§ **RECORDED DATA**
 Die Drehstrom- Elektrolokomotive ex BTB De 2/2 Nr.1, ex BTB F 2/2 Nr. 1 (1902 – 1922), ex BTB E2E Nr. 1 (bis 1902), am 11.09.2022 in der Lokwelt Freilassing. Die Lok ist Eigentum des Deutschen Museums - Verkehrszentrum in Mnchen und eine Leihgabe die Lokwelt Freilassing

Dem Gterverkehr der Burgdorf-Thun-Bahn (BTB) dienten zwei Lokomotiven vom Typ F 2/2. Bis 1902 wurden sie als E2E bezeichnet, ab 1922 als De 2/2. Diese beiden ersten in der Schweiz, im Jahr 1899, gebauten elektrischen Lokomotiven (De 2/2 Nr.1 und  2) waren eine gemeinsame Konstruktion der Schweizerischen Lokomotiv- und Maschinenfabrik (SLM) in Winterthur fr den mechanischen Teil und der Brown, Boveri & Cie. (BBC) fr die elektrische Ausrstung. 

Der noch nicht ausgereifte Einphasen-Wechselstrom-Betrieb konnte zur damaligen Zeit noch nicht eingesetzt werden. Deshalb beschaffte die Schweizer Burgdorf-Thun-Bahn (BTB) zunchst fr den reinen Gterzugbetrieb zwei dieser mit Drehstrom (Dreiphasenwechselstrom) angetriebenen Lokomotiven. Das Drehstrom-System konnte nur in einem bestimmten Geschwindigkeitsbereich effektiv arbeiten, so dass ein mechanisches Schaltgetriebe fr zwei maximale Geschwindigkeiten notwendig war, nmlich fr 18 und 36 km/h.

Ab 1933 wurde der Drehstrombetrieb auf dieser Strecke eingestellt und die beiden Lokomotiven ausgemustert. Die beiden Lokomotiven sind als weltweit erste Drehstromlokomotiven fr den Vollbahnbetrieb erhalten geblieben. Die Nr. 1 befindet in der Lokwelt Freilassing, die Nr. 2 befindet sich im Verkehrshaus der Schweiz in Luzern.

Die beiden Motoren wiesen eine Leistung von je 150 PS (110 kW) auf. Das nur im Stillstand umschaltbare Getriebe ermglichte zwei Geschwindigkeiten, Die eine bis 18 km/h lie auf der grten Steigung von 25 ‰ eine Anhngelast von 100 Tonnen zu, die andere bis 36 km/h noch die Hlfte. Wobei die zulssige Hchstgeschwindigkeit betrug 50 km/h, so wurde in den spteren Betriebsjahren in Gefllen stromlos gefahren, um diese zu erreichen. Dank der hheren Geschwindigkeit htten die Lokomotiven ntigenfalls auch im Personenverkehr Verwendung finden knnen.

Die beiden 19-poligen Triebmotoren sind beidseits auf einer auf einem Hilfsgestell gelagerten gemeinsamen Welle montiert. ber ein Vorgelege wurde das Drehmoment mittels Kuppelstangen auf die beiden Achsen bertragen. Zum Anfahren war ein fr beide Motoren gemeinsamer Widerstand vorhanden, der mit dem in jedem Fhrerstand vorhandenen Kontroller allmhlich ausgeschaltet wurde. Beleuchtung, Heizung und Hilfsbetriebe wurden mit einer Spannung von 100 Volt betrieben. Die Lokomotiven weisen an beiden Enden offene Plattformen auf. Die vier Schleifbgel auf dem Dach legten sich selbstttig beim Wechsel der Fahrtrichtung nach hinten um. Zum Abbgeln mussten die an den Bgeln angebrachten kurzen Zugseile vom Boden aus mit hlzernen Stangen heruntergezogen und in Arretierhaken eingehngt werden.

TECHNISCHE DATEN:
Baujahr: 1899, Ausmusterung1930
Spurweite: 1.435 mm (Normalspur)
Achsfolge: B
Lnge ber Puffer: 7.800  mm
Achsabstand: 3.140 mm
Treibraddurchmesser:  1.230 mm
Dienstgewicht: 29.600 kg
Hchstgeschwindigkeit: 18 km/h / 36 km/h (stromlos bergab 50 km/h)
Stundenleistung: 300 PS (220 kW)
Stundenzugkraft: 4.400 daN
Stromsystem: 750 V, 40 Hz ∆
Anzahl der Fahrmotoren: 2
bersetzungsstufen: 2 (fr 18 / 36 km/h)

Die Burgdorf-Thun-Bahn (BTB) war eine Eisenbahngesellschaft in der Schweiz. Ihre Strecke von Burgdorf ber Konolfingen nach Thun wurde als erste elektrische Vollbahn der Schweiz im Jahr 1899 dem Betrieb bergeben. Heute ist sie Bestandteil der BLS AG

§ **TASK INSTRUCTIONS**
Exactly and in full, write out the lines from the one containing "Stundenzugkraft: 4.400 daN" through the end of the listing.

§ **SOLVED PROBLEM**
Stundenzugkraft: 4.400 daN
Stromsystem: 750 V, 40 Hz ∆
Anzahl der Fahrmotoren: 2
bersetzungsstufen: 2 (fr 18 / 36 km/h)

Die Burgdorf-Thun-Bahn (BTB) war eine Eisenbahngesellschaft in der Schweiz. Ihre Strecke von Burgdorf ber Konolfingen nach Thun wurde als erste elektrische Vollbahn der Schweiz im Jahr 1899 dem Betrieb bergeben. Heute ist sie Bestandteil der BLS AG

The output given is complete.